(1) A uniform meter rod 4ON has a piece of weight of 2ON attached to one of its end. What is the center of gravity of the system from the weight end? (2) two bodies X and Y start from rest and move with uniform acceleration of a and 4a respectively. If the bodies cover the same distance in times T(x) and T(y) find the ratio of T(x) and T(y)?
a. vertical forces:
fu=40+20
now, summing moments about the weighted end:
40*.5L-60*xL=0
x=20/60 so the cb is 1/3 the length from the weight end.
b. Same distance,
d1=1/2 a Tx^2
d2=1/2 4a Ty^2
same distance, so
(Tx/Ty)^2 =4
Tx/Ty=2
(1) To find the center of gravity of the system, we need to consider the distribution of mass along the meter rod.
The center of gravity, also known as the center of mass, is the point where the entire mass of an object or system can be considered to be concentrated. In this case, we have a uniform meter rod with a weight attached to one end.
Given:
- Length of the meter rod: 4 m
- Weight attached: 2 ON
Since the meter rod is uniform, the mass is distributed evenly along its length. The 4 m rod has a total weight of 4 ON.
To find the center of gravity, we need to consider the weight of each segment of the rod.
Let's divide the meter rod into two segments: segment AB (with weight 2 ON) and segment BC (with weight 2 ON).
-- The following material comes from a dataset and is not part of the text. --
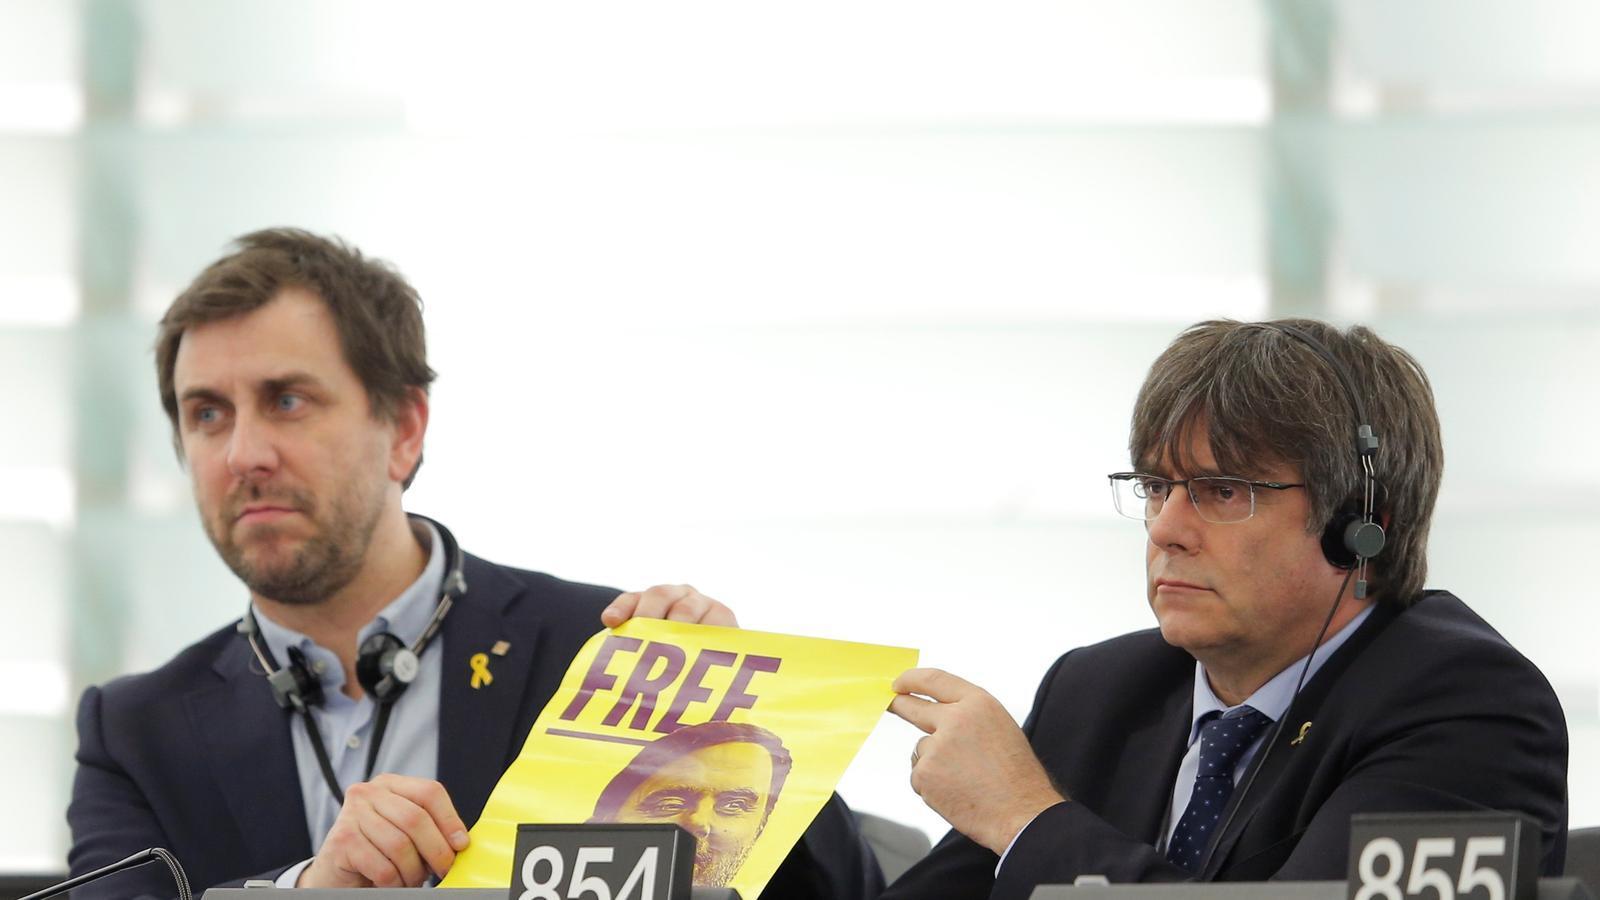 https://www.ara.cat/2020/01/13/imatges/Puigdemont-Junqueras-Parlament-Europeu-Estrasburg_2379972226_68835282_735x273.jpg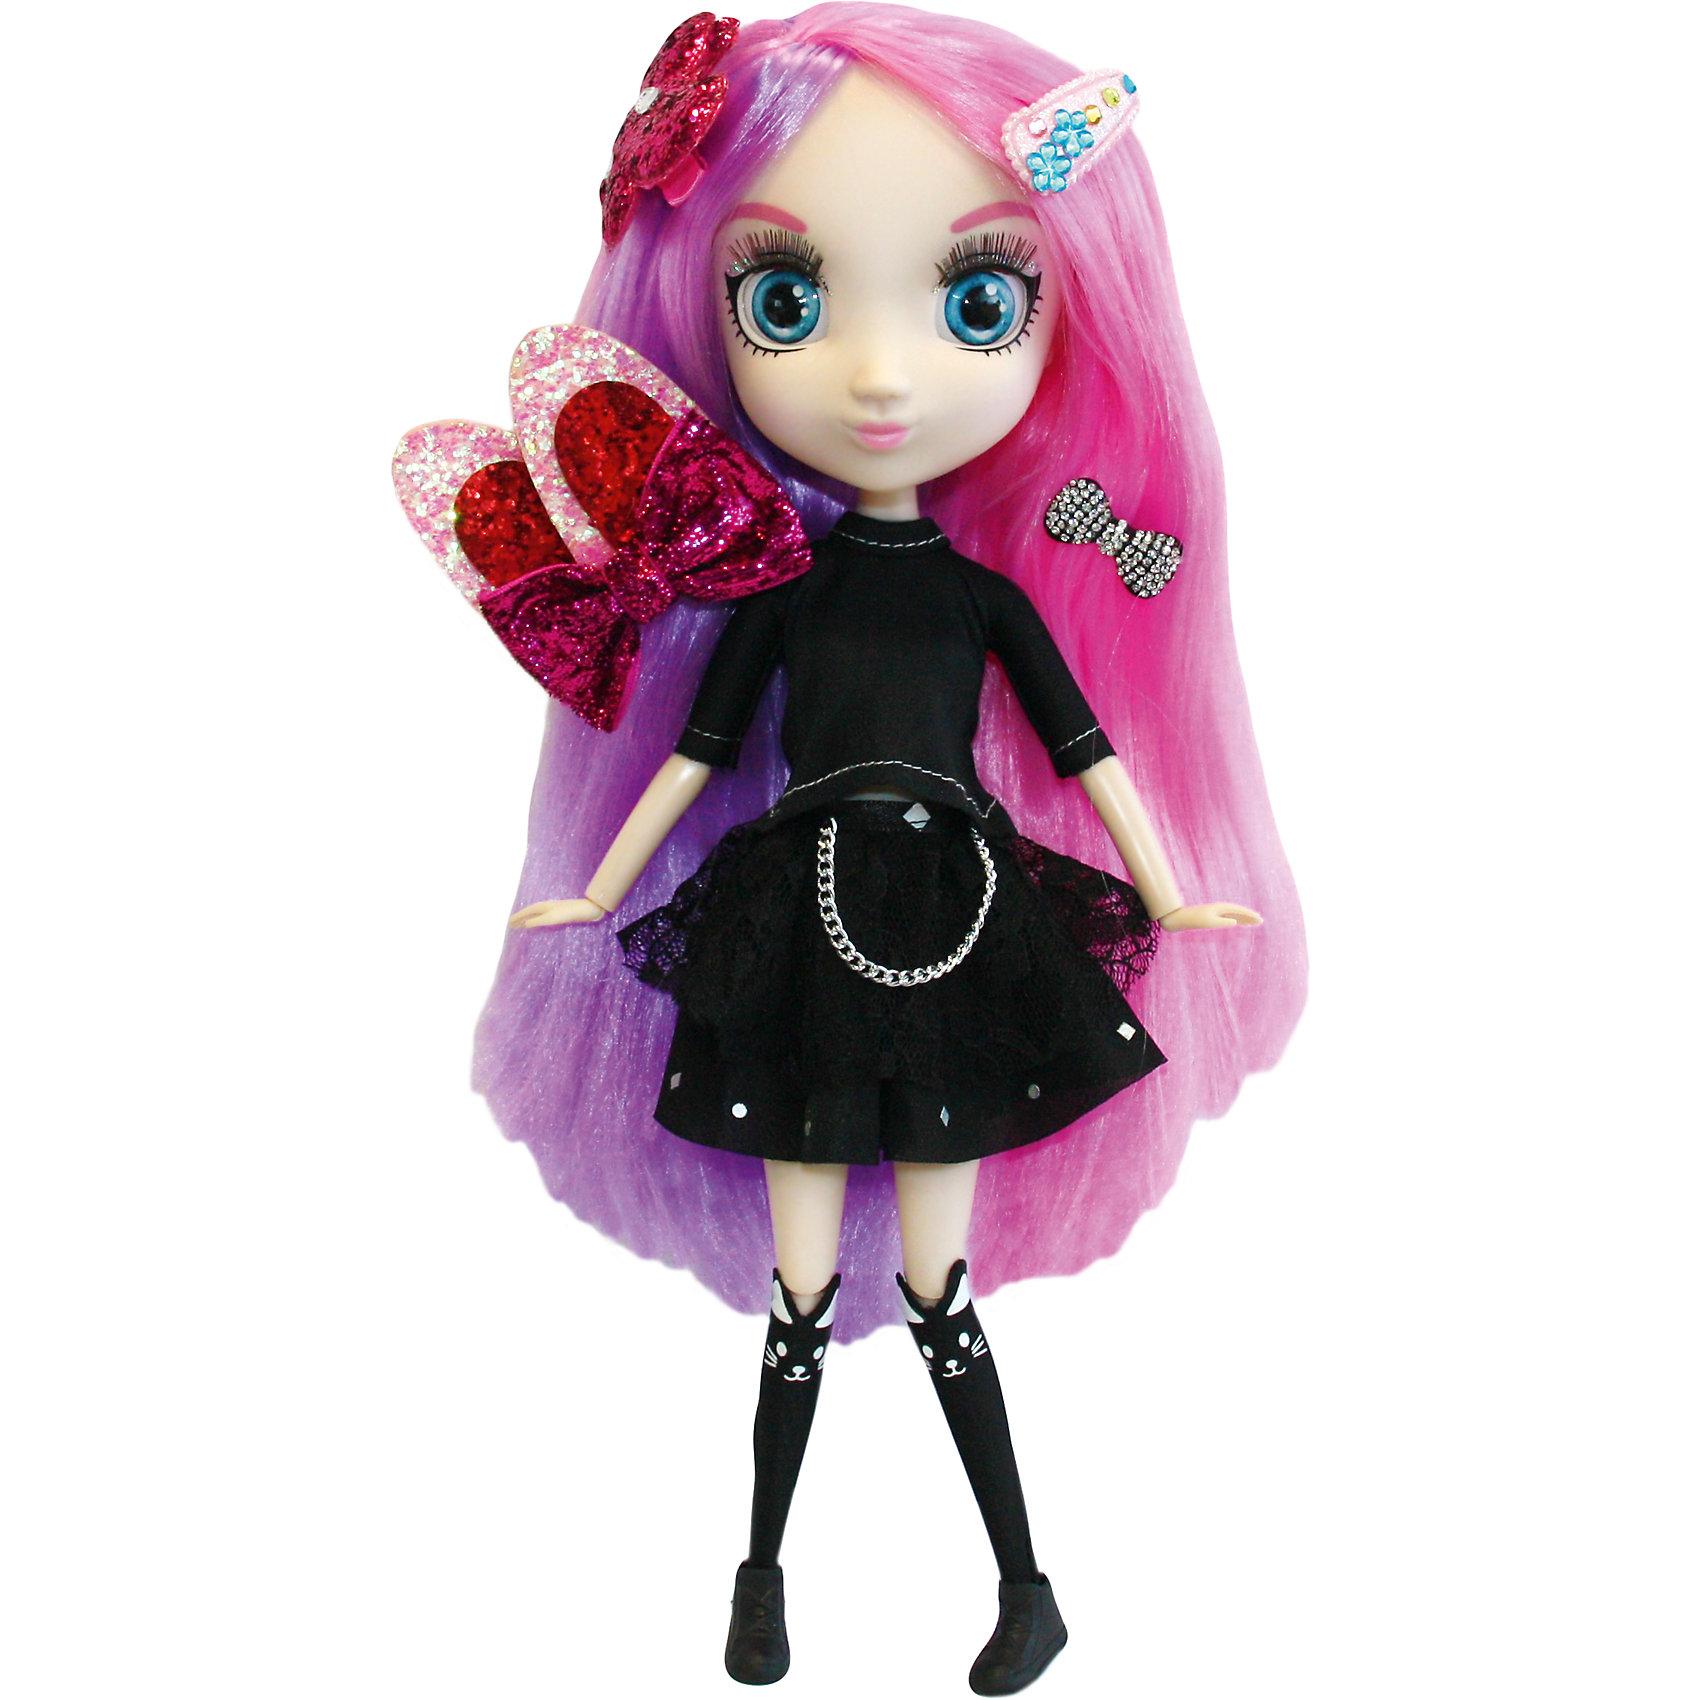 Кукла Йоко, 33см, Шибадзуку ГерлзБренды кукол<br>Кукла Йоко, 33см, Шибадзуку Герлз<br><br>Характеристики:<br><br>• модная кукла с реалистичными глазами<br>• длинные ресницы<br>• длинные густые волосы<br>• в комплекте: кукла, заколки, аксессуары<br>• высота куклы: 33 см<br>• материал: пластик, текстиль<br>• размер упаковки: 20,6х38,1х10,2 см<br>• вес: 600 грамм<br><br>Шибадзуку Герлз - куклы, поражающие своей красотой и реалистичностью. У них широкие глаза с пышными ресницами и длинные густые волосы. Руки и ноги кукол подвижны. Йоко очень увлекается мистикой, рок-музыкой и игрой на электро гитаре. Наряд Йоки вполне соответствует ее увлечениям: кукла одета в черное платье с цепью, черные гольфы и черные ботиночки. Яркие розово-лиловые волосы куклы украшены различными заколочками. Вы сможете придумать для Йоко необычную прическу, которая еще больше подчеркнет оригинальность ее образа. <br><br>Куклу Йоко, 33см, Шибадзуку Герлз вы можете купить в нашем интернет-магазине.<br><br>Ширина мм: 102<br>Глубина мм: 381<br>Высота мм: 206<br>Вес г: 600<br>Возраст от месяцев: 36<br>Возраст до месяцев: 2147483647<br>Пол: Женский<br>Возраст: Детский<br>SKU: 5397314

The weight of each segment is distributed evenly along its length.
The center of gravity can be calculated using the formula:
Center of gravity = Sum of (mass * position) / Total mass
For segment AB, the center of gravity is at the midpoint:
Center of gravity of AB = (2 ON * 1 m) / 2 ON = 1 m
For segment BC, the center of gravity is at the midpoint as well:
Center of gravity of BC = (2 ON * 3 m) / 2 ON = 3 m
Since the center of gravity of the system is the weighted average of the center of gravity of each segment, we can calculate it as follows:
Center of gravity of the system = (Weight(AB) * Center of gravity(AB) + Weight(BC) * Center of gravity(BC)) / Total weight
Center of gravity of the system = (2 ON * 1 m + 2 ON * 3 m) / 4 ON = 2 m
Therefore, the center of gravity of the system from the weight end is 2 m.
(2) Given:
Acceleration of body X: a
Acceleration of body Y: 4a
Let's assume that both bodies cover the same distance, which we can represent as d.
Using the second equation of motion:
d = ut + (1/2)at^2
Since both bodies start from rest, the initial velocity (u) is zero.
For body X:
d = (1/2)a(T(x))^2 ----(1)
For body Y:
d = (1/2)(4a)(T(y))^2 ----(2)
Divide equation (1) by equation (2):
(T(x))^2 / (T(y))^2 = (a/4a)
Simplifying:
(T(x))^2 / (T(y))^2 = 1/4
Taking the square root:
T(x) / T(y) = 1/2
Therefore, the ratio of T(x) to T(y) is 1:2.